Oleh:Aarce Tehupeiory & Syaiful Bahari

SALAH satu tujuan utama dari kegiatan pendaftaran tanah ialah menjamin kepastian hukum dan kepastian hak atas tanah bagi setiap orang atau badan hukum. Dengan pemberian sertifikat tanah, penting bagi pemegang hak atas tanah agar dengan mudah membuktikan bahwa dialah yang berhak atas suatu bidang tanah tertentu dan bebas dari segala gugatan pihak lain.

Sementara itu, dalam peralihan hak, bagi calon pembeli atau kreditur mendapat kepastian hukum dan keterbukaan informasi bahwa tanah tersebut terbebas dari klaim hak pihak lain.

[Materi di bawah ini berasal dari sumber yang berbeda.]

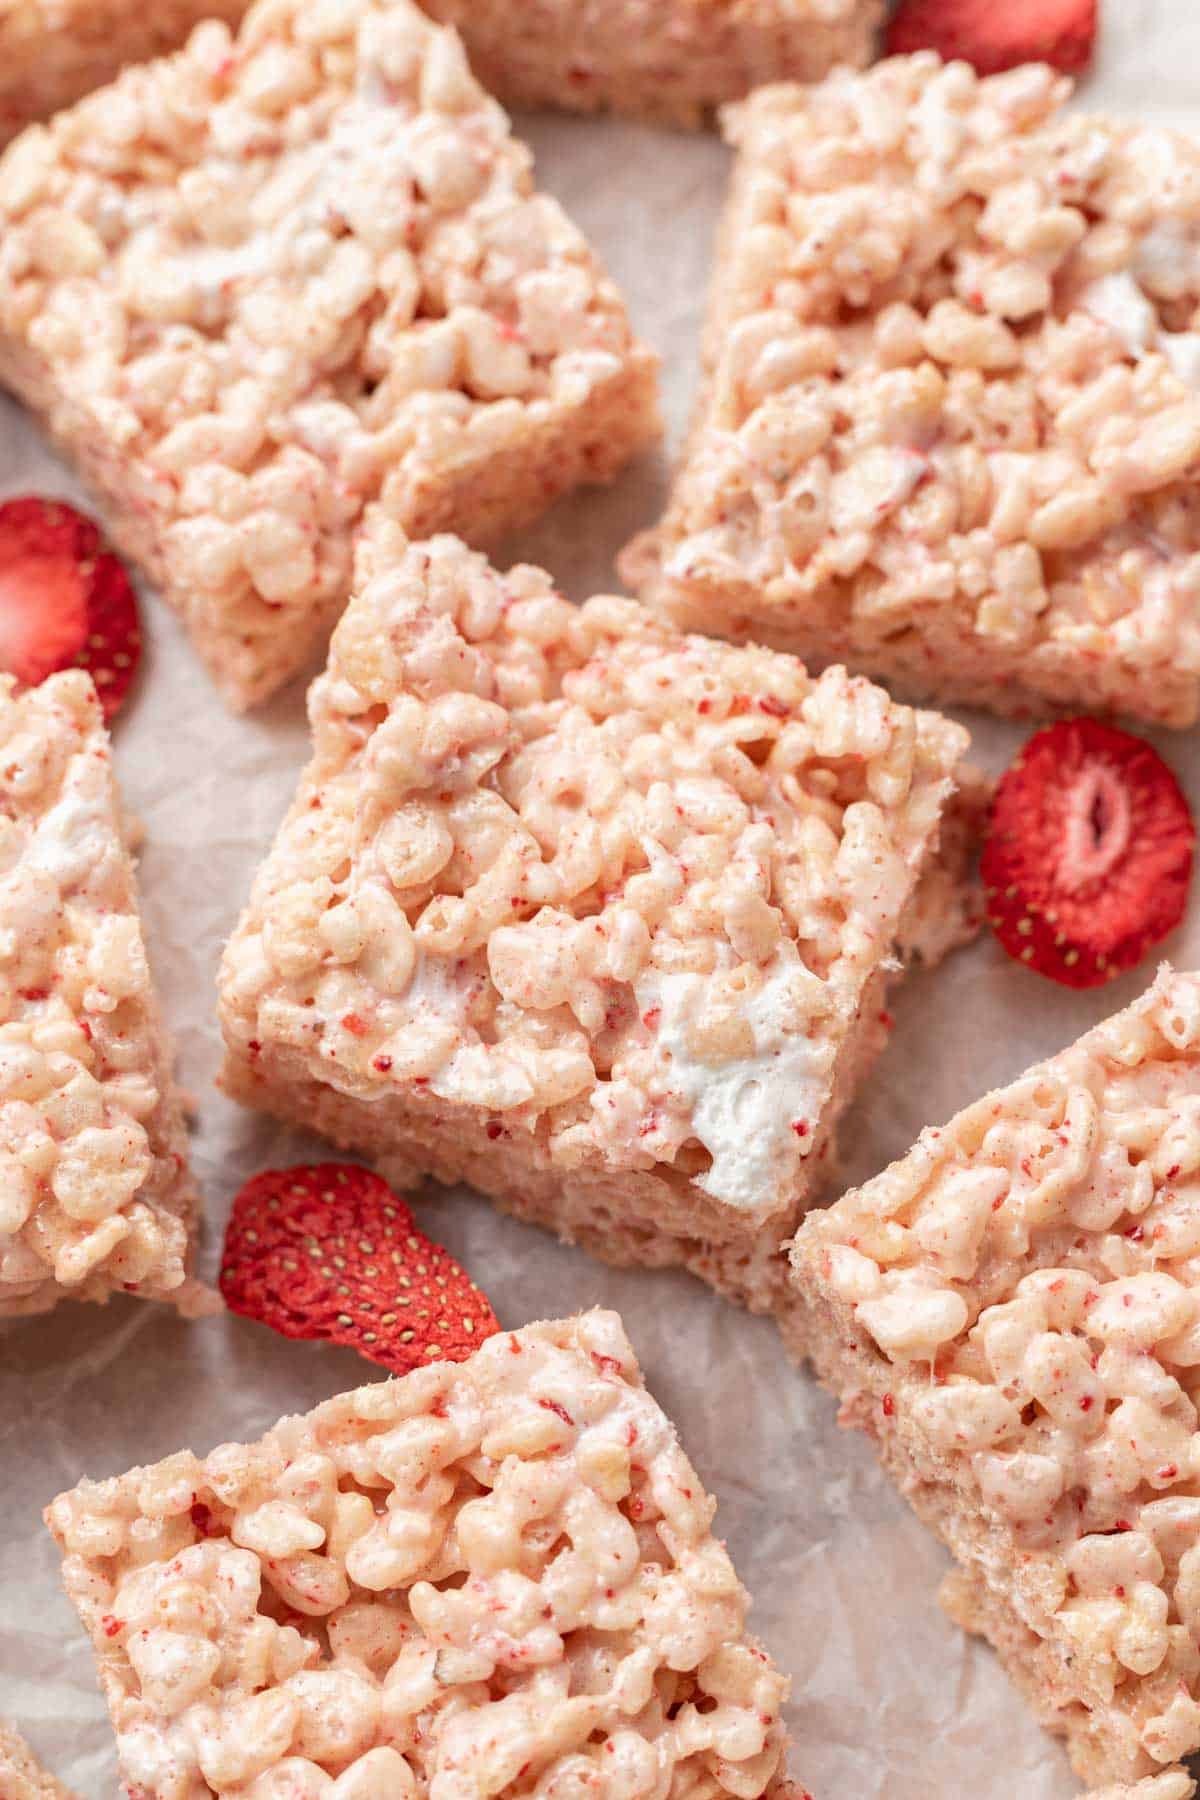 freshly made strawberry rice krispie treats sitting on parchment paper with freezer dried strawberries.

Keterbukaan informasi tersebut dapat dilihat melalui ketersediaan data fisik dan data yuridis yang disajikan di kantor pertanahan yang berlaku terbuka bagi umum dengan keterangan diberikan dalam bentuk surat keterangan pendaftaran tanah (SKPT).

Kepastian hukum yang dimaksud dalam kegiatan pendaftaran tanah di atas antara lain ialah kepastian hukum mengenai orang atau badan yang menjadi pemegang hak (subjek hak). Kepastian hukum mengenai lokasi, batas, serta luas suatu bidang tanah hak (objek hak), dan kepastian hukum mengenai haknya.

Selama ini, informasi mengenai subjek, objek, riwayat peralihan hak atas tanah, dan peta lokasi tanah sebagaimana yang disebut di atas, tercantum di dalam buku sertifikat tanah yang dikeluarkan oleh Badan Pertanahan Nasional. Buku sertifikat tanah inilah yang menjadi alat bukti yang sah di muka hukum bahwa seseorang atau badan hukum sebagai pemilik hak atas tanah.

TRANSISI SERTIFIKAT MANUAL KE ELEKTRONIK

Sudah menjadi persoalan umum bahwa sertifikat tanah dalam bentuk fisik menimbulkan sengketa atau konflik pertanahan. Terlebih lagi ketika sertifikat tersebut hilang, beralih hak secara ilegal, pemalsuan, atau tumpang tindih sertifikat yang mana kejadian-kejadian tersebut sering kali menyulitkan pengadilan dalam pembuktian siapa pemegang hak yang sah.

Belum lagi jalannya perkara yang memakan waktu bertahun-tahun, semua ini membuat para pihak yang bersengketa menghabiskan biaya, waktu, dan energi yang tidak sedikit. Dengan demikian, sistem administrasi pertanahan di Indonesia masih mewariskan persoalan yang tidak pernah selesai, baik dulu, kini, maupun masa mendatang.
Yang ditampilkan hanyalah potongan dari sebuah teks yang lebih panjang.